Retype the data exactly, skipping any picture in it.

Available data:
────────

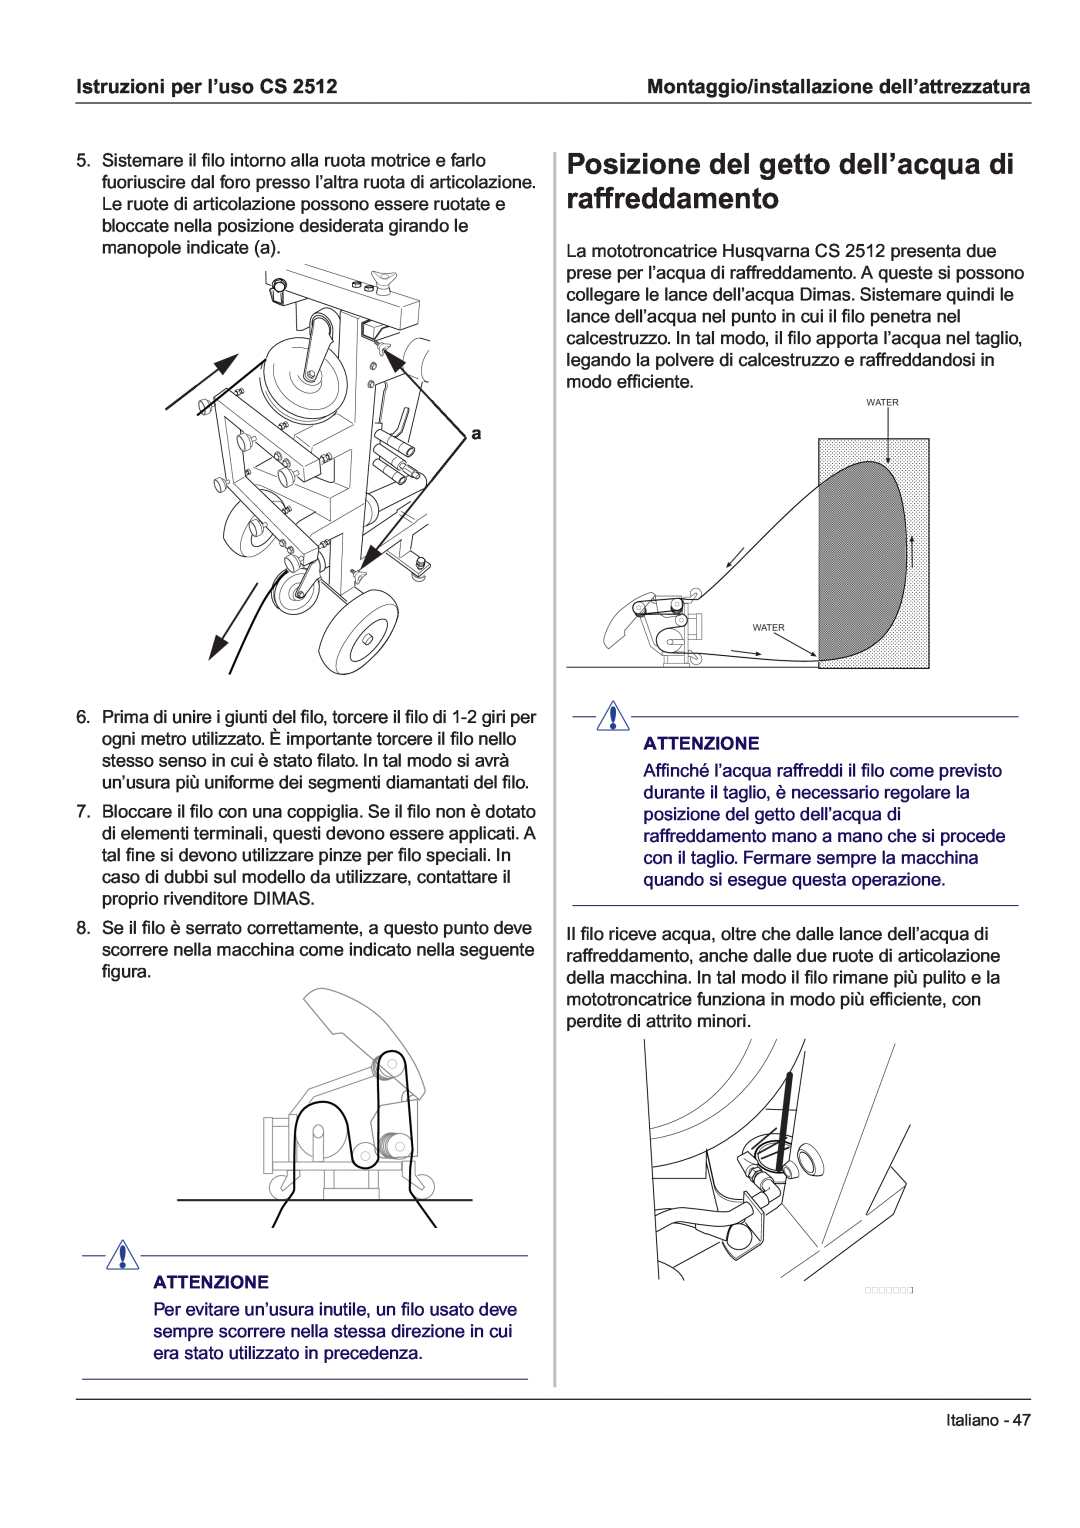 Husqvarna CS 2512 manual Posizione del getto dell’acqua di raffreddamento, Istruzioni per l’uso CS, Attenzione, Italiano 
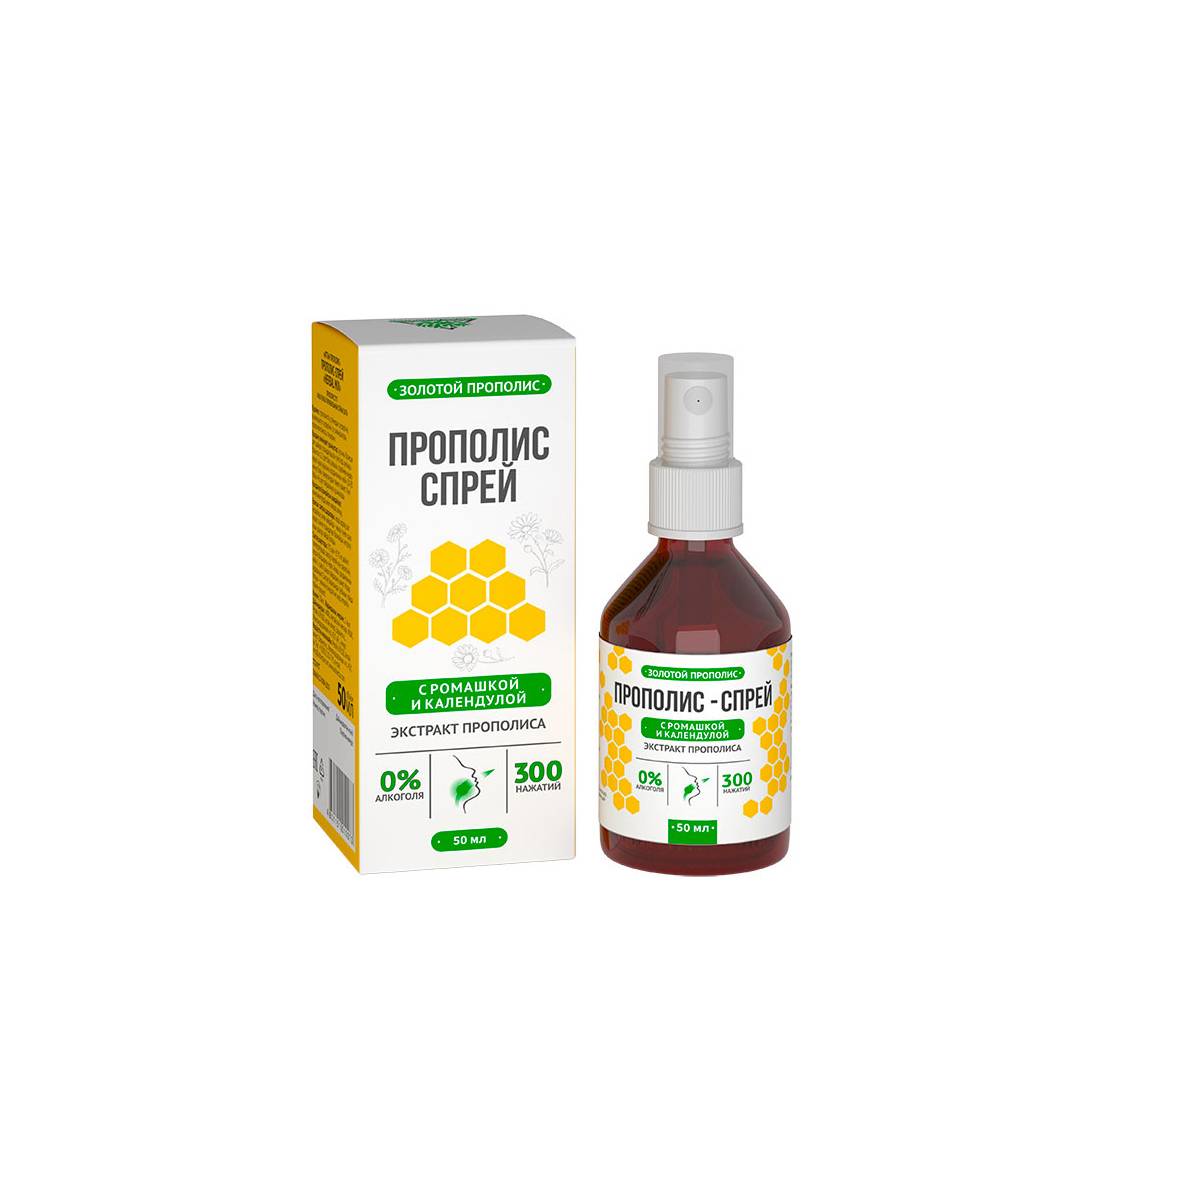 Propolis-Spray p/u igiena bucala "Herbal Mix" 50 ml image
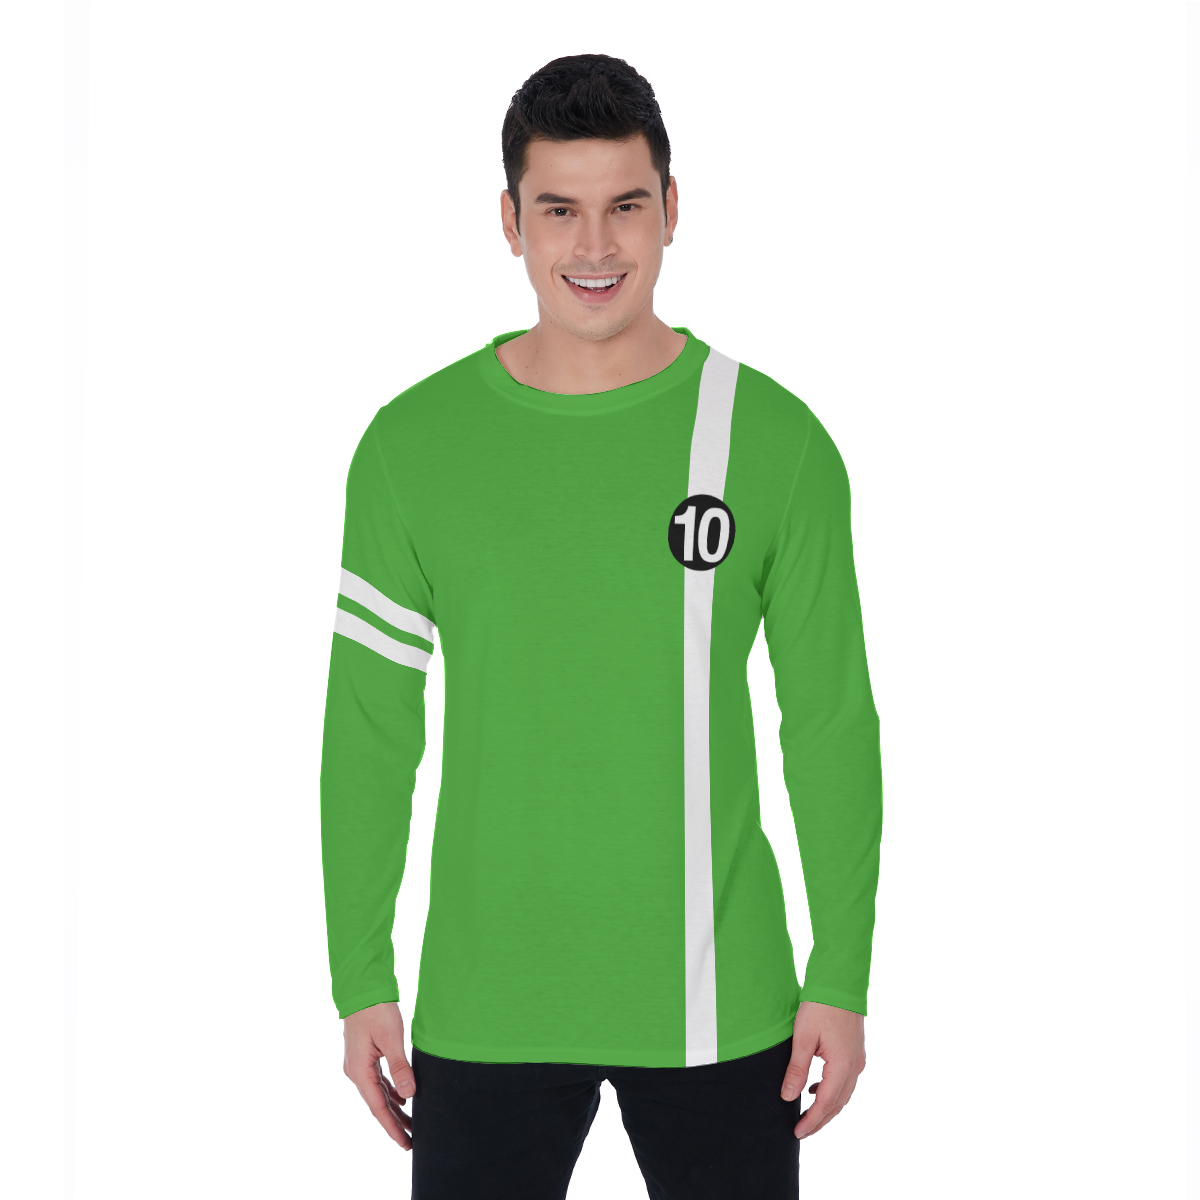 Green 10 long Sleeved Shirt

────────

Answer to the problem:
 Husqvarna CS 2512 manual Posizione del getto dell’acqua di raffreddamento, Istruzioni per l’uso CS, Attenzione, Italiano 
 Propolis-Spray p/u igiena bucala "Herbal Mix" 50 ml image
 Green 10 long Sleeved Shirt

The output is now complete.